Your expression of it was inartful, inflammatory and left a lot of detail out. You claim now that you were not:
TestPilot said:
...not describing a situation where the unarmed person is a true 3rd party,...
But you never distinguished the third party from the accomplice nor describe how you would tell which was which.

TestPilot said:
We also need to consider possible alternatives to "blowing away" a distraught thirteen year old girl or some similar third party.

I did not say shooting will be my only response, nor did I say I won't consider an alternative...
Actually, you did effectively say you wouldn't consider an alternative. You wrote, in post 22:
TestPilot said:
...If an action of a "distraught 13-year old girl" actually is hindering my defense and putting me in serious danger, that "distraught 13-year old girl" gets blown away.
...
That's an unqualified statement. I see nothing there about any consideration of an alternative. You say straight out that your response to her actions would be to "blow her away", nothing else.
 
Posted by Frank Ettin:
Simplistic, chest thumping, like:

...If someone physically assaults me when I am under fire or about to be shot at, I am not just pushing that person aside. I am blasting that person aside....

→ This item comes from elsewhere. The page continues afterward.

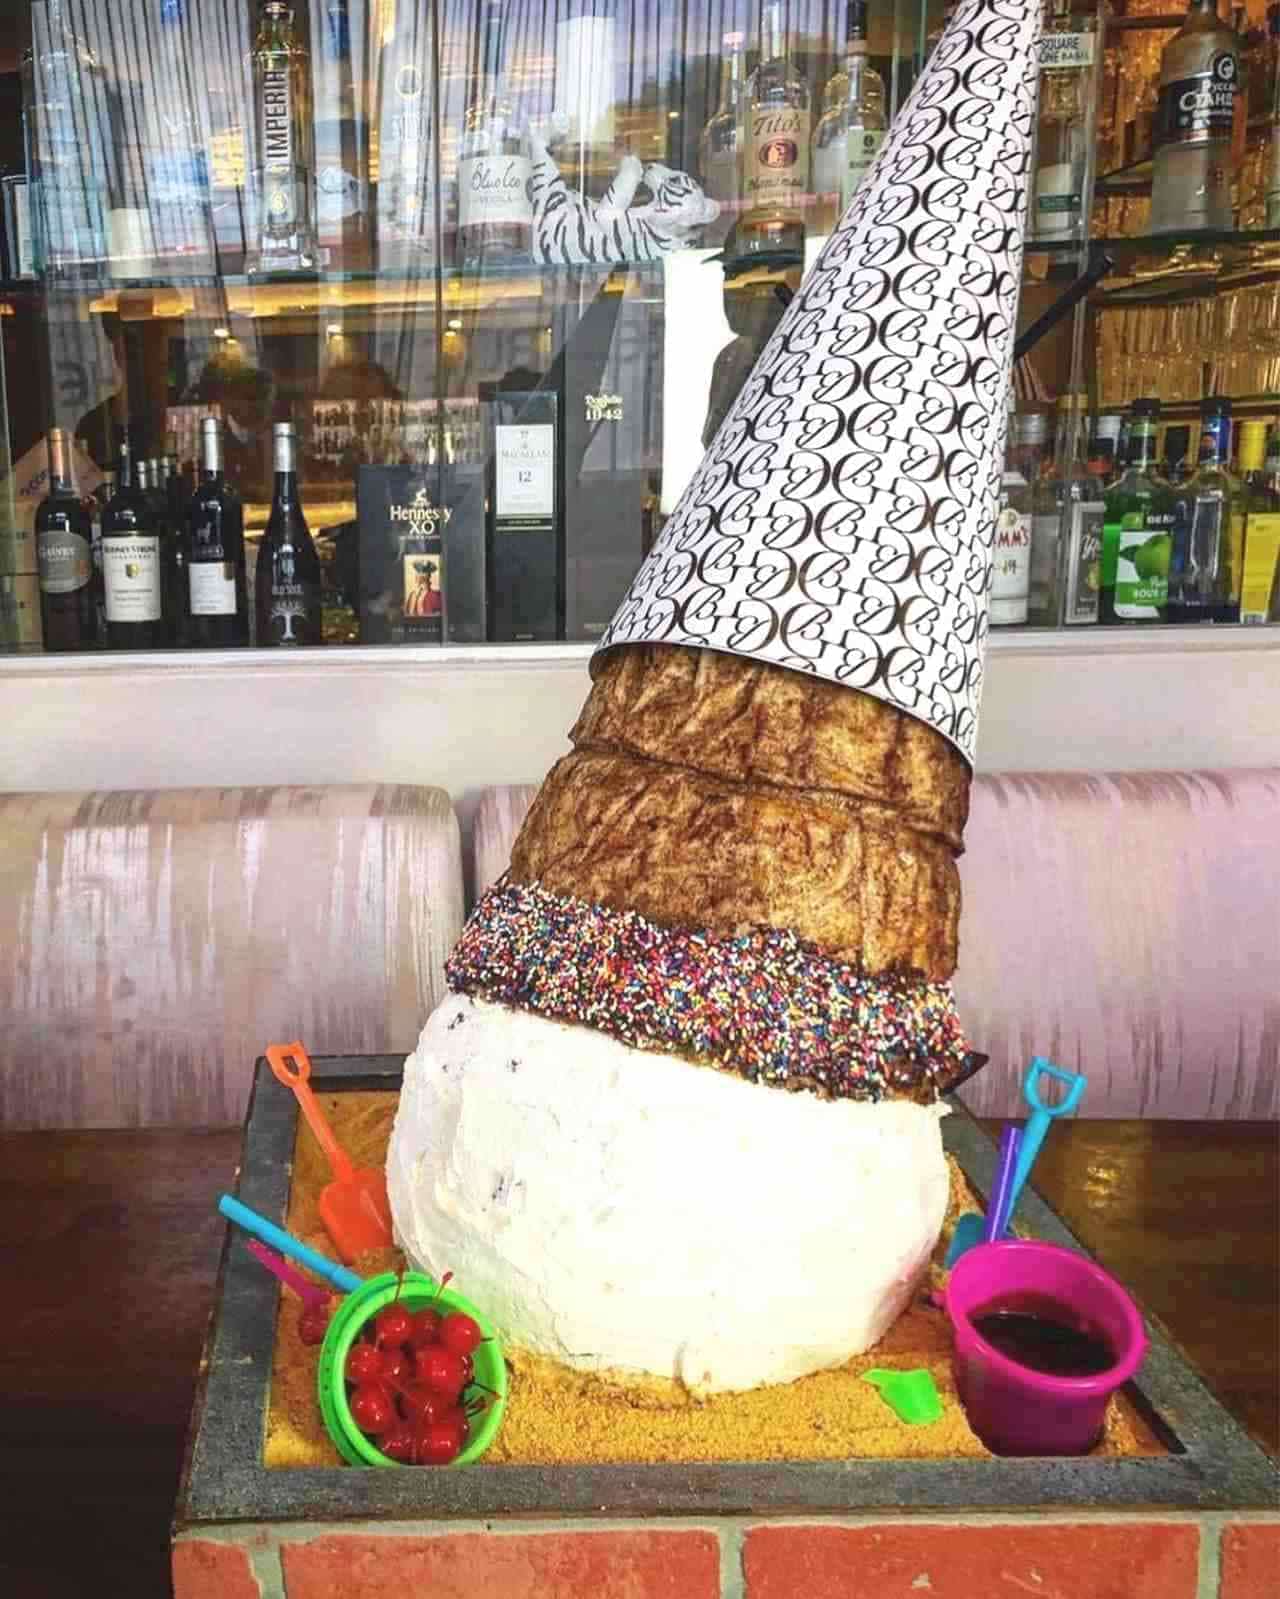 An ice cream dessert weighing 11 kg "I've dropped the ice cream"

...If an action of a "distraught 13-year old girl" actually is hindering my defense and putting me in serious danger, that "distraught 13-year old girl" gets blown away....

really aren't helpful.
You can say that again.

I really would not like to have posts of that nature introduced as evidence against me by a prosecutor, or by a civil plaintiff, or both.
 
But you never distinguished the third party from the accomplice nor describe how you would tell which was which.
True, but neither is it fair to assume that I was referring to an innocent 3rd party.

Actually, you did effectively say you wouldn't consider an alternative. You wrote, in post 22:

That's quite an unfair stretch.

If you say "I will use deadly force against a person theatening me with death or serious injury," does that mean you will always use deadly force when the threat can be effectively stopped with less lethal means?

I will accept the criticism that I did not use the best way of expressing things.

However, neither is it proper to pick out things in someone's statement that isn't there.